Faces of Cairo
Faces of Cairo a collection of photographs that takes you on a tour of the land and its people; the streets, the markets, the African desert and the path of history.
Cairo is chaos at its most magnificent, infuriating and beautiful. From above, the distorted roar of the muezzins’ call to prayer echoes out from duelling minarets. Below, car horns bellow tuneless symphonies amid avenues of faded 19th-century grandeur, while donkey carts rattle down dusty lanes lined with colossal monuments. This city’s constant buzz is a product of its 20 million inhabitants, simultaneously stretching Cairo’s infrastructure, crushing it under their collective weight. The smog is heavy and car toots are overwhelming, but its energy is stimulating and exhilarating!
In January 2020, I was so privileged to visit the ancient city and tell the story of its people. What stood out to me the most was how friendly the people were. I first shook their hands warmly and then asked in Arabic: “Can I take your photo?” I gave people my full attention and most were delighted to have their portrait taken, especially once they learned that I came from New Zealand. I showed them the back of my camera at the end so they could appreciate their photo.
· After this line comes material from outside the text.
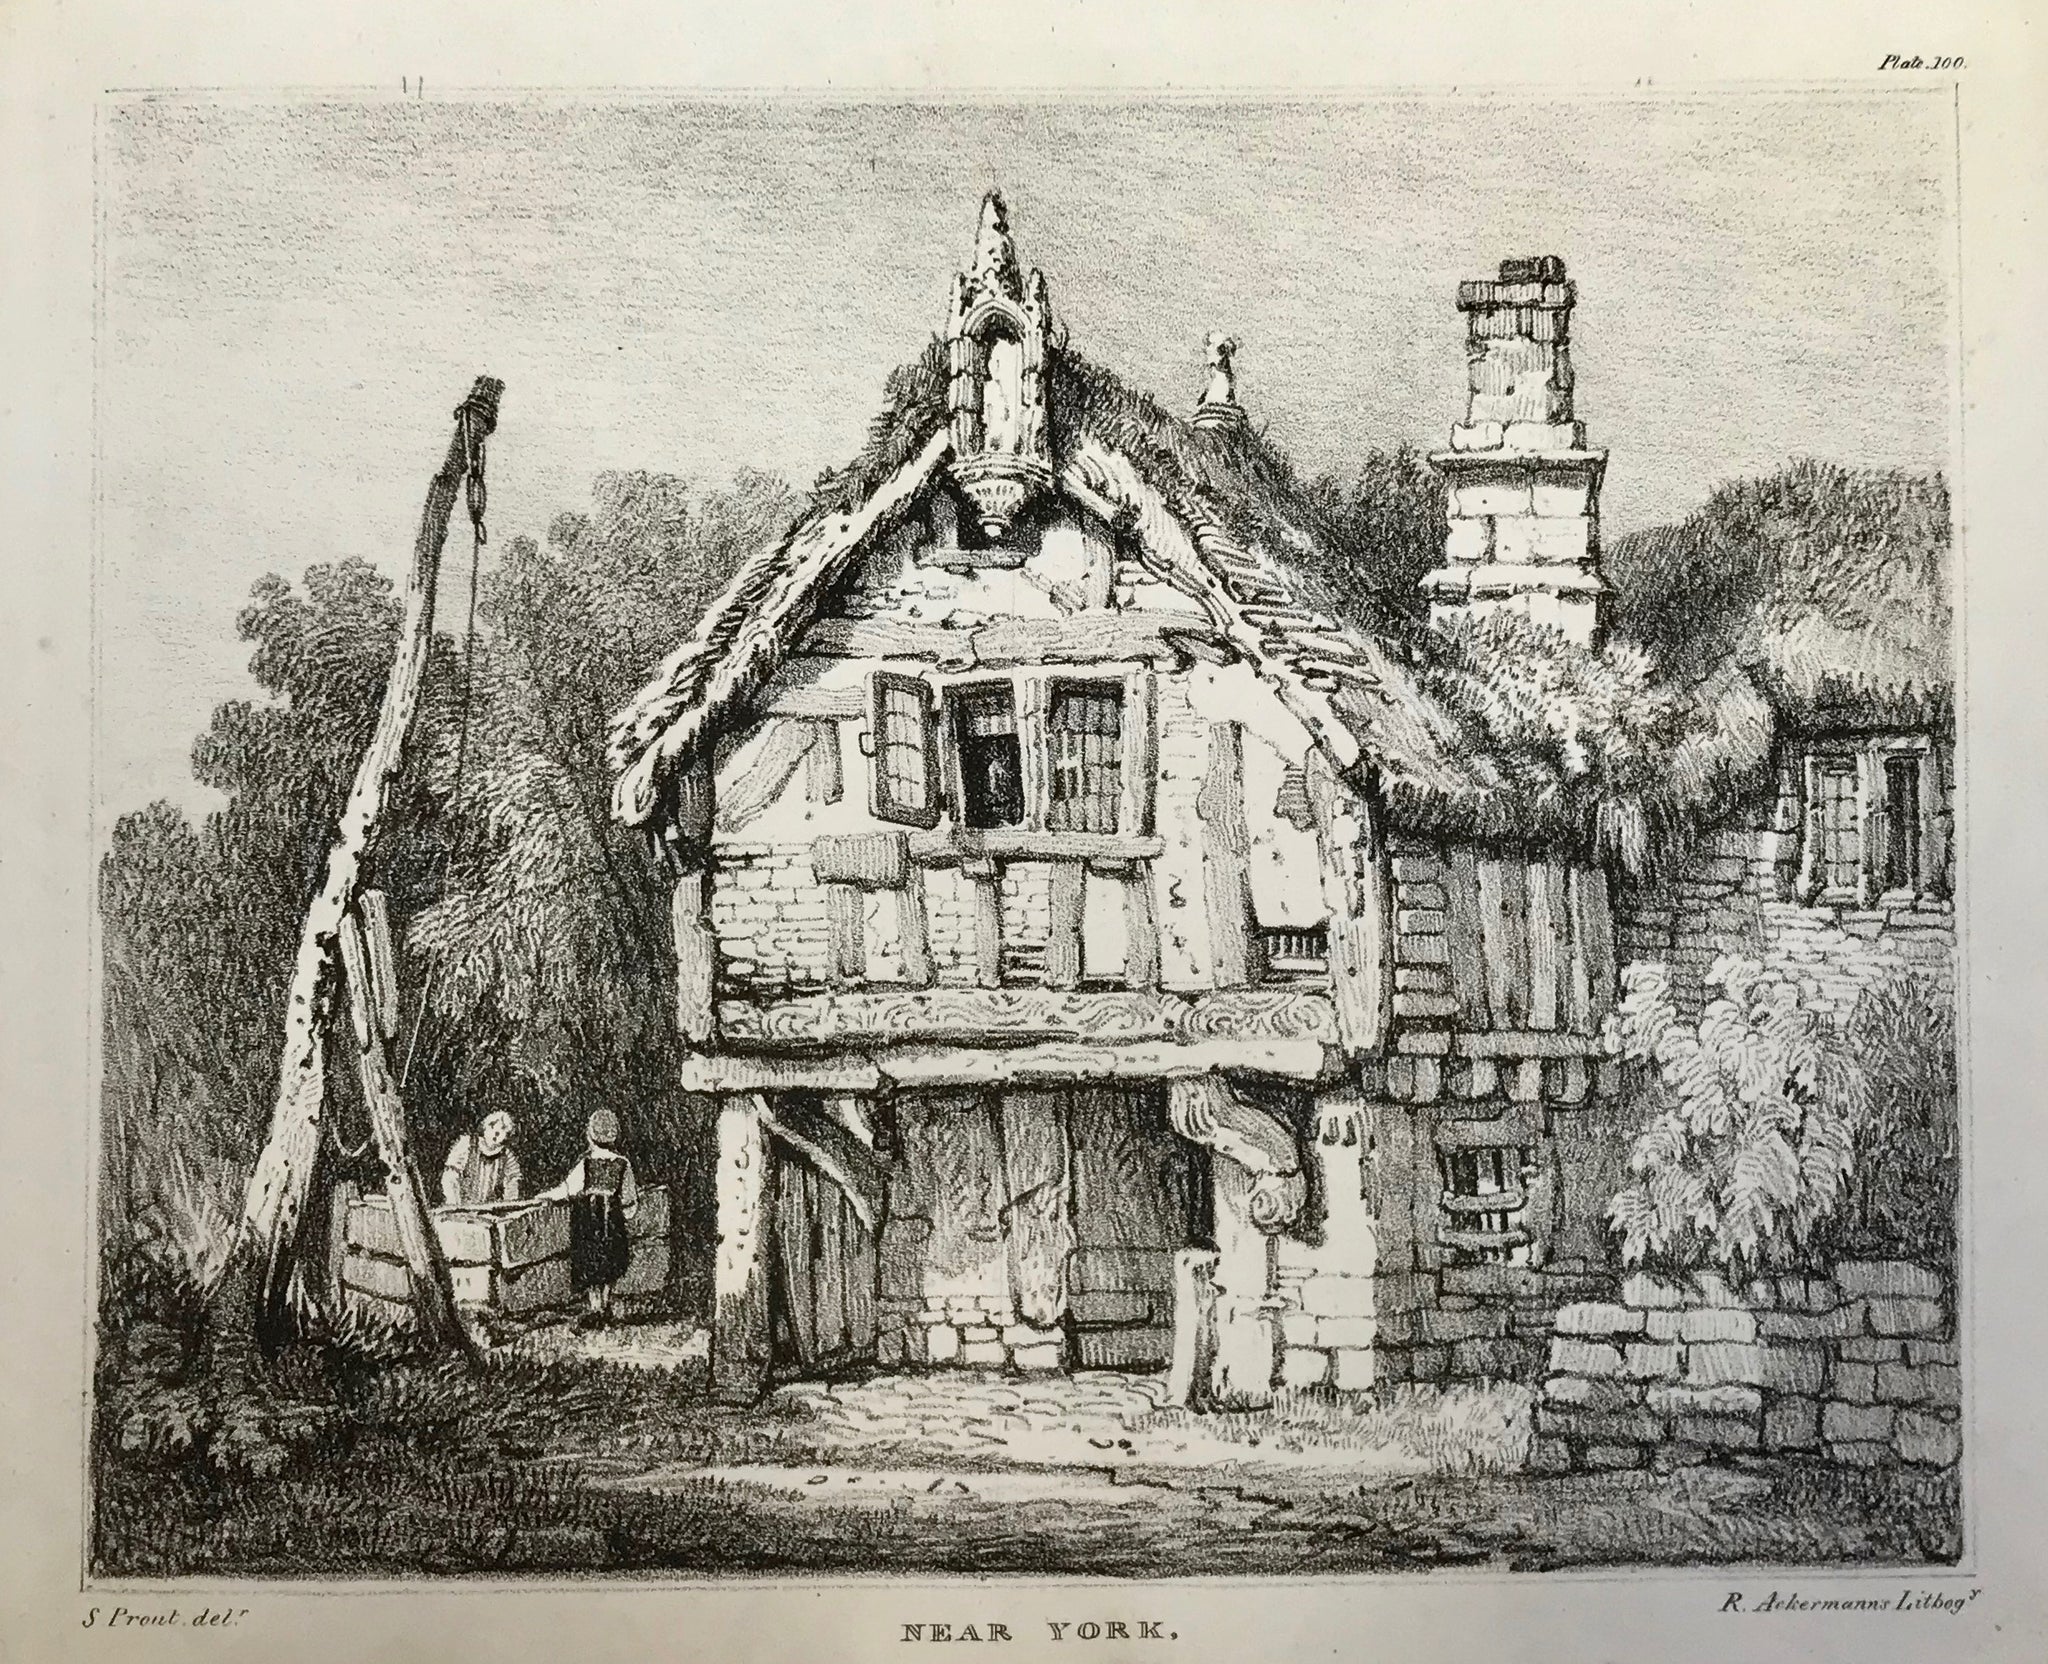 "Near York"  Lithograph by R. Ackermanns after S. Prout 1820. Minor crease in lower left margin corner.
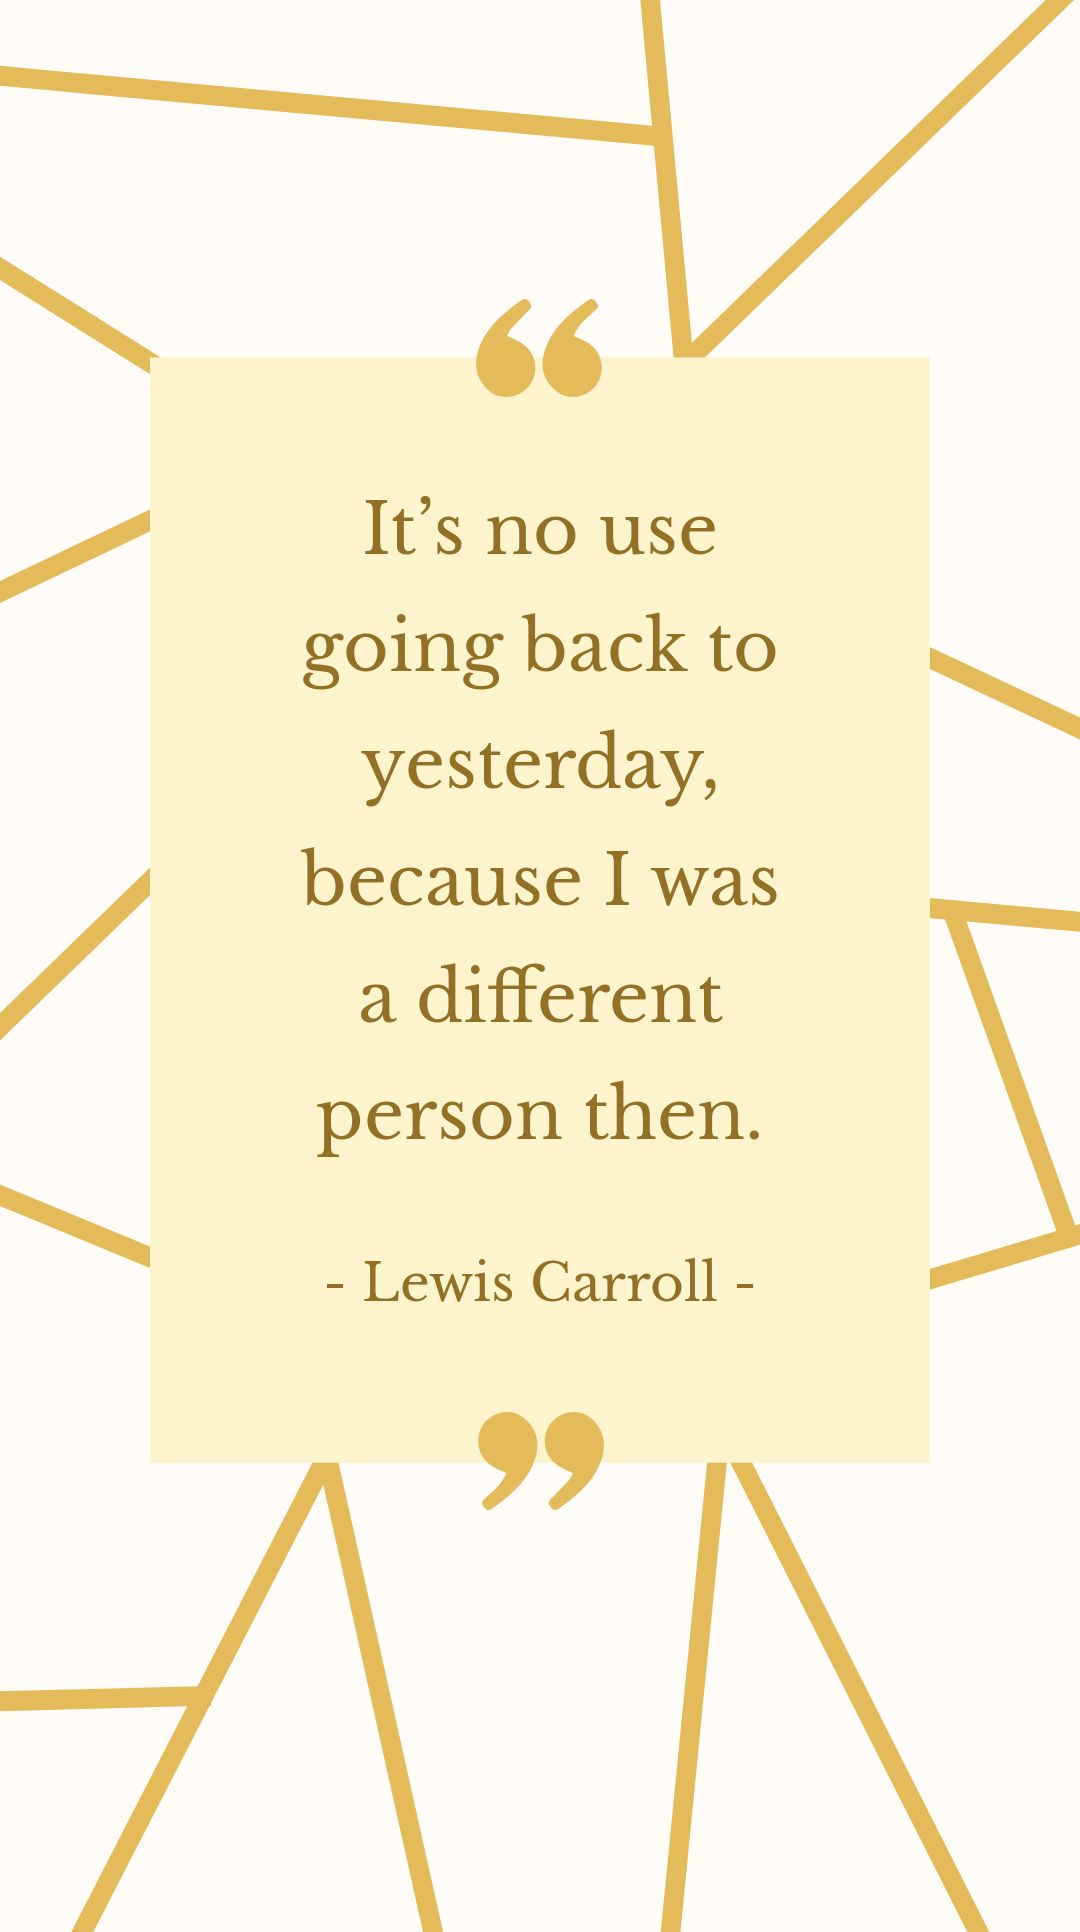 Lewis Carroll - It’s no use going back to yesterday, because I was a different person then.

They always felt honoured and respected. I consider it my privilege to be able to share these glimpses into their lives with the wider world.
I wanted to visit Cairo for a long time and was so glad when the opportunity came. I always admired the long and rich history of Egypt and found the experience of modern-day Cairo to be incredible in its own right. The whole city buzzes with all kinds of different people. Despite many of the people being poor, they have a wonderful faith in Allah.
Considered to be one of the cradles of civilisation, Cairo is an incredible place – the Egyptians refer to it as “the Mother of the World”. Throughout history, Egypt has witnessed some of the fundamental steps humanity has made in the developments of writing, agriculture, urbanisation, organised religion and central government. It has been influenced by many empires over the years: Greek, Persian, Roman, Arab, Ottoman, Turkish, and Nubian to name a few.
Faces of Cairo is a documentary collection. Most of the photos had little or no retouching. I asked people to look straight into my camera, so these are not candid photos. The strength of this series is in giving viewers a rare opportunity to connect with the common Egyptian people in their natural environment. This diverse group of people serves as a timely reminder that, despite our many cultural differences, we can unite as a community through the power of photography. The collection is a celebration of our shared values of hard work, the importance of family and caring for each other as humans. I hope that through this portfolio viewers learn about the Egyptian people. In sharing this portfolio I encourage viewers to show tolerance: to accept others and to recognise the value of cultural diversity. We would all experience an enhanced sense of community if we took the time to appreciate interactions which allow us to discover the world beyond our familiar boundaries. We are all wonderfully unique, yet, at the same time, we are deeply the same.
I present these photographs in timeless monochrome, to ensure consistency and flow of the series amidst the chaos and clutter of the busy environment. My aim is to create an authentic portfolio of diverse individuals in a foreign land. My goal is to tell their stories using a clear narrative style and enduring quality. The portraits are crisp and sharp, to allow the details to inspire your imagination and to evoke emotions. I hope that viewers feel the atmosphere and connect with the people.